-- Opening Marker --

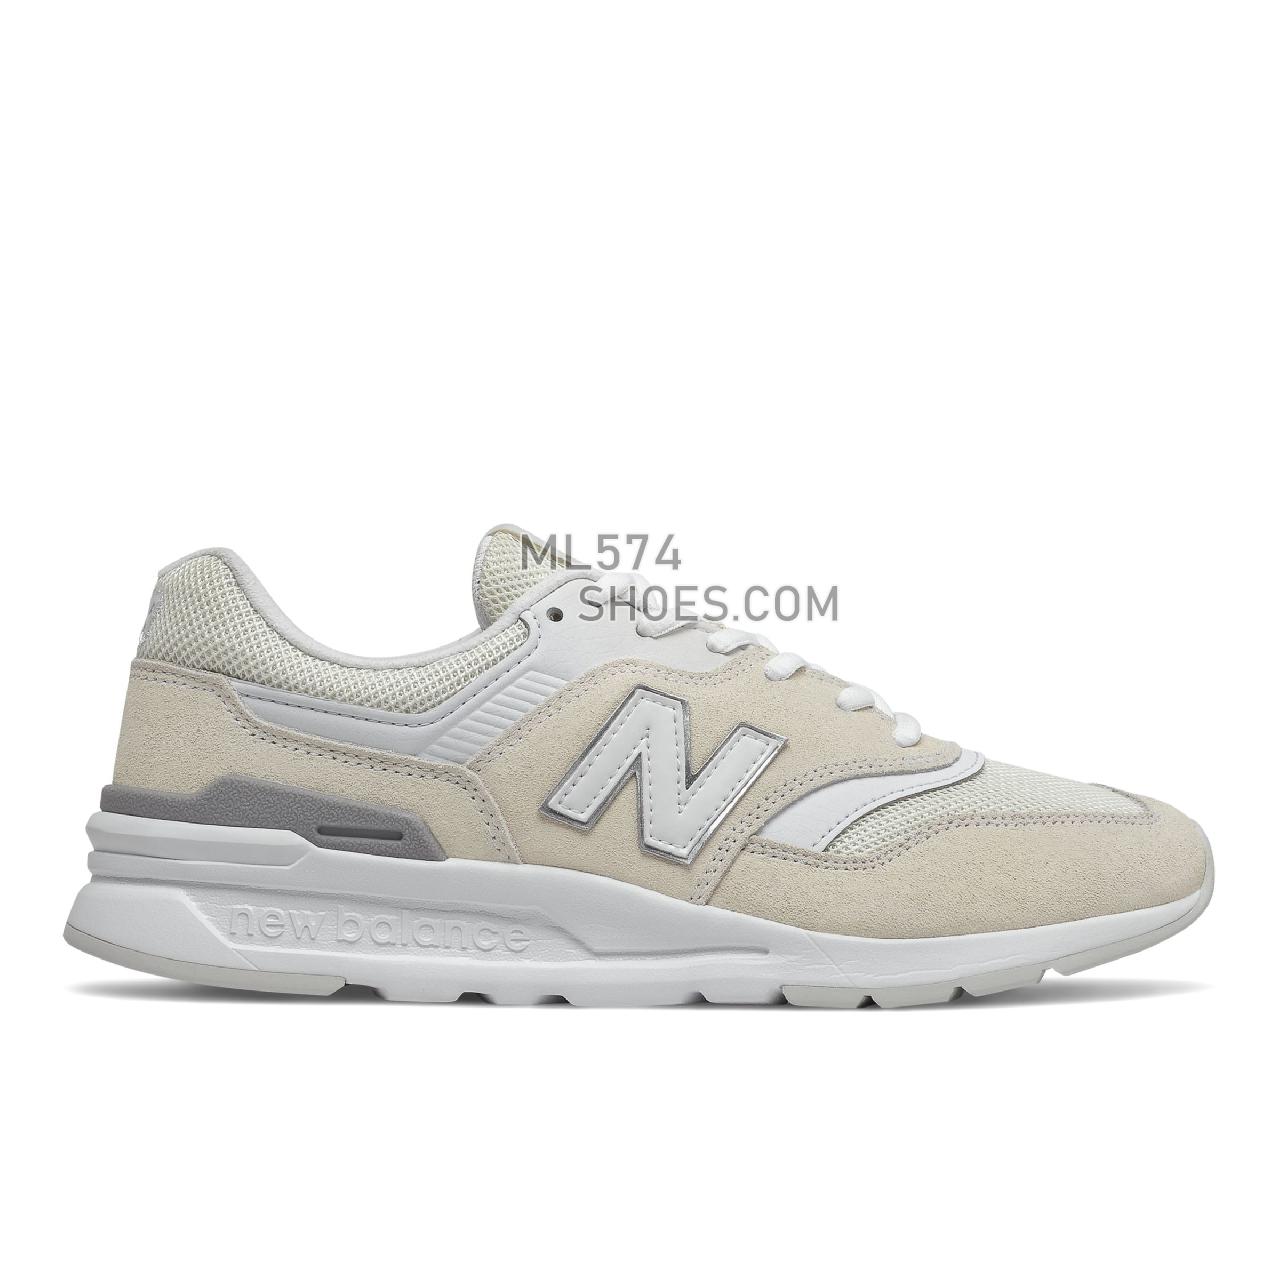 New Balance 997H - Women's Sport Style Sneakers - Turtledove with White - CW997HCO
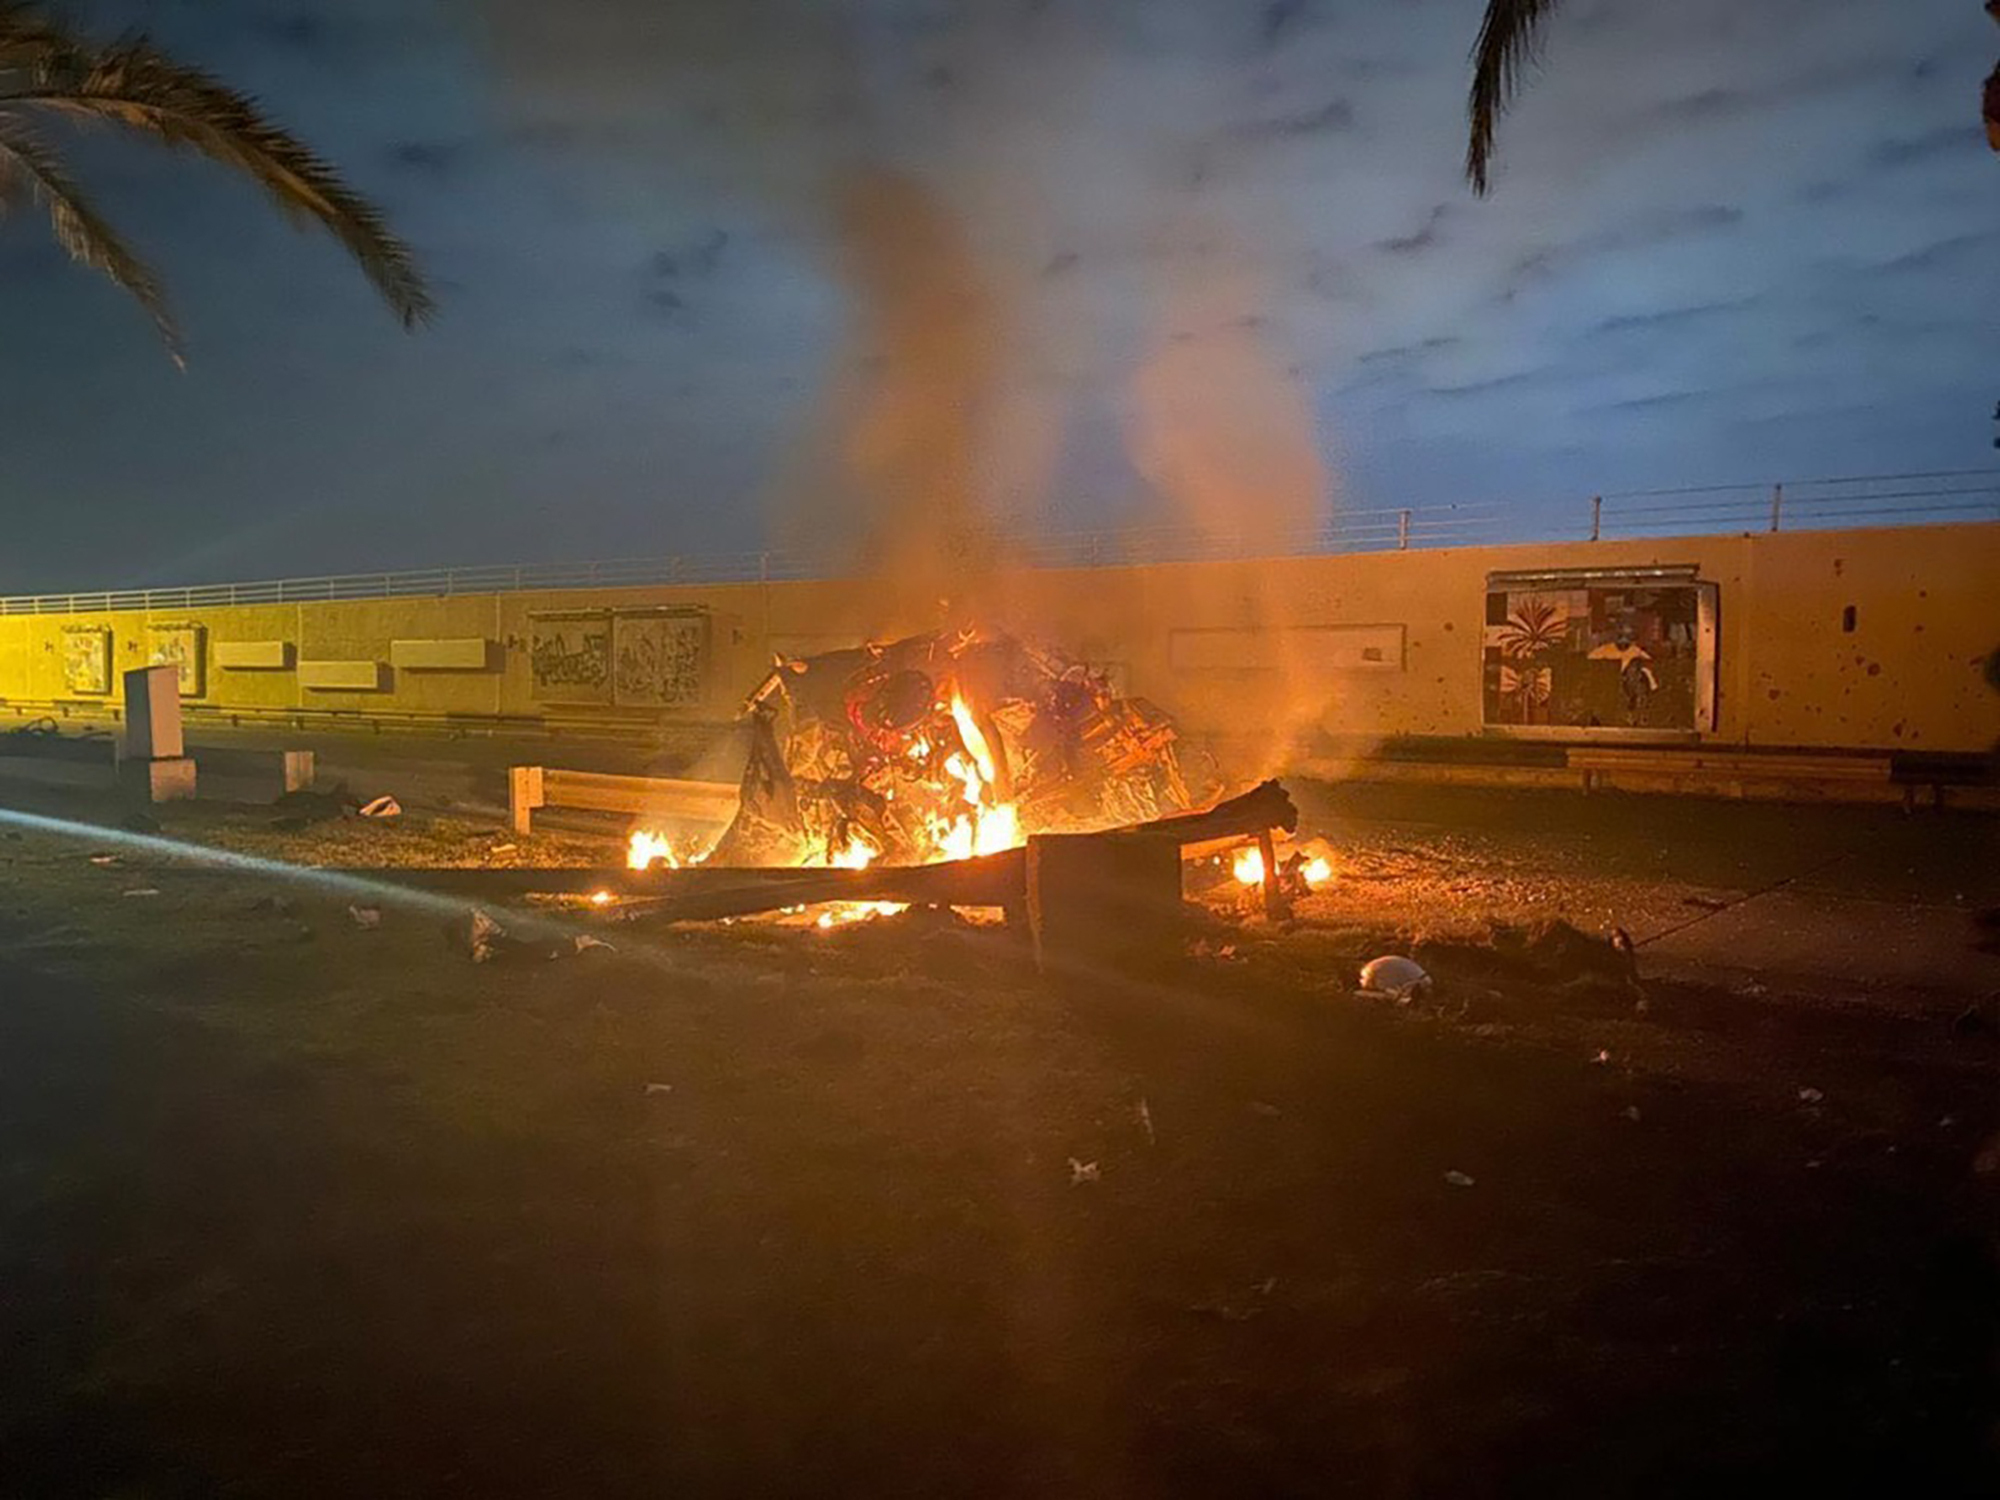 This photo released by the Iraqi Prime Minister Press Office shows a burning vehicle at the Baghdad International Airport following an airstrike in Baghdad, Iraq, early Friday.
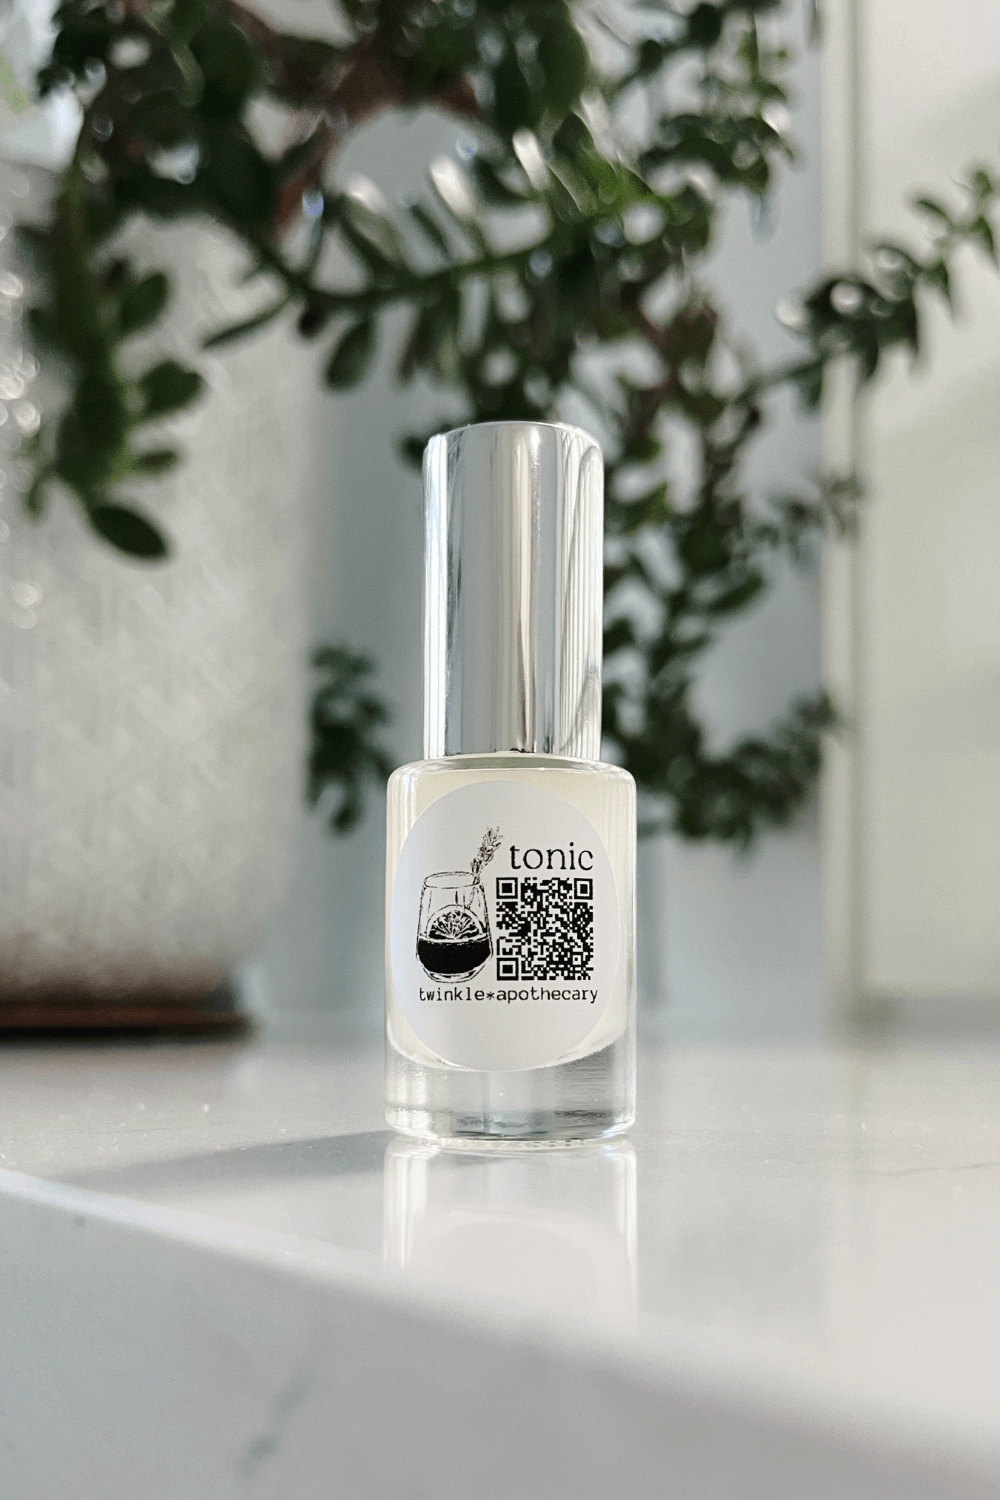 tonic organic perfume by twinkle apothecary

-- Closing Marker --

◆ **What is needed**
Once the pictures are removed, copy the listing exactly.

◆ **Result**
 New Balance 997H - Women's Sport Style Sneakers - Turtledove with White - CW997HCO
 This photo released by the Iraqi Prime Minister Press Office shows a burning vehicle at the Baghdad International Airport following an airstrike in Baghdad, Iraq, early Friday.
 tonic organic perfume by twinkle apothecary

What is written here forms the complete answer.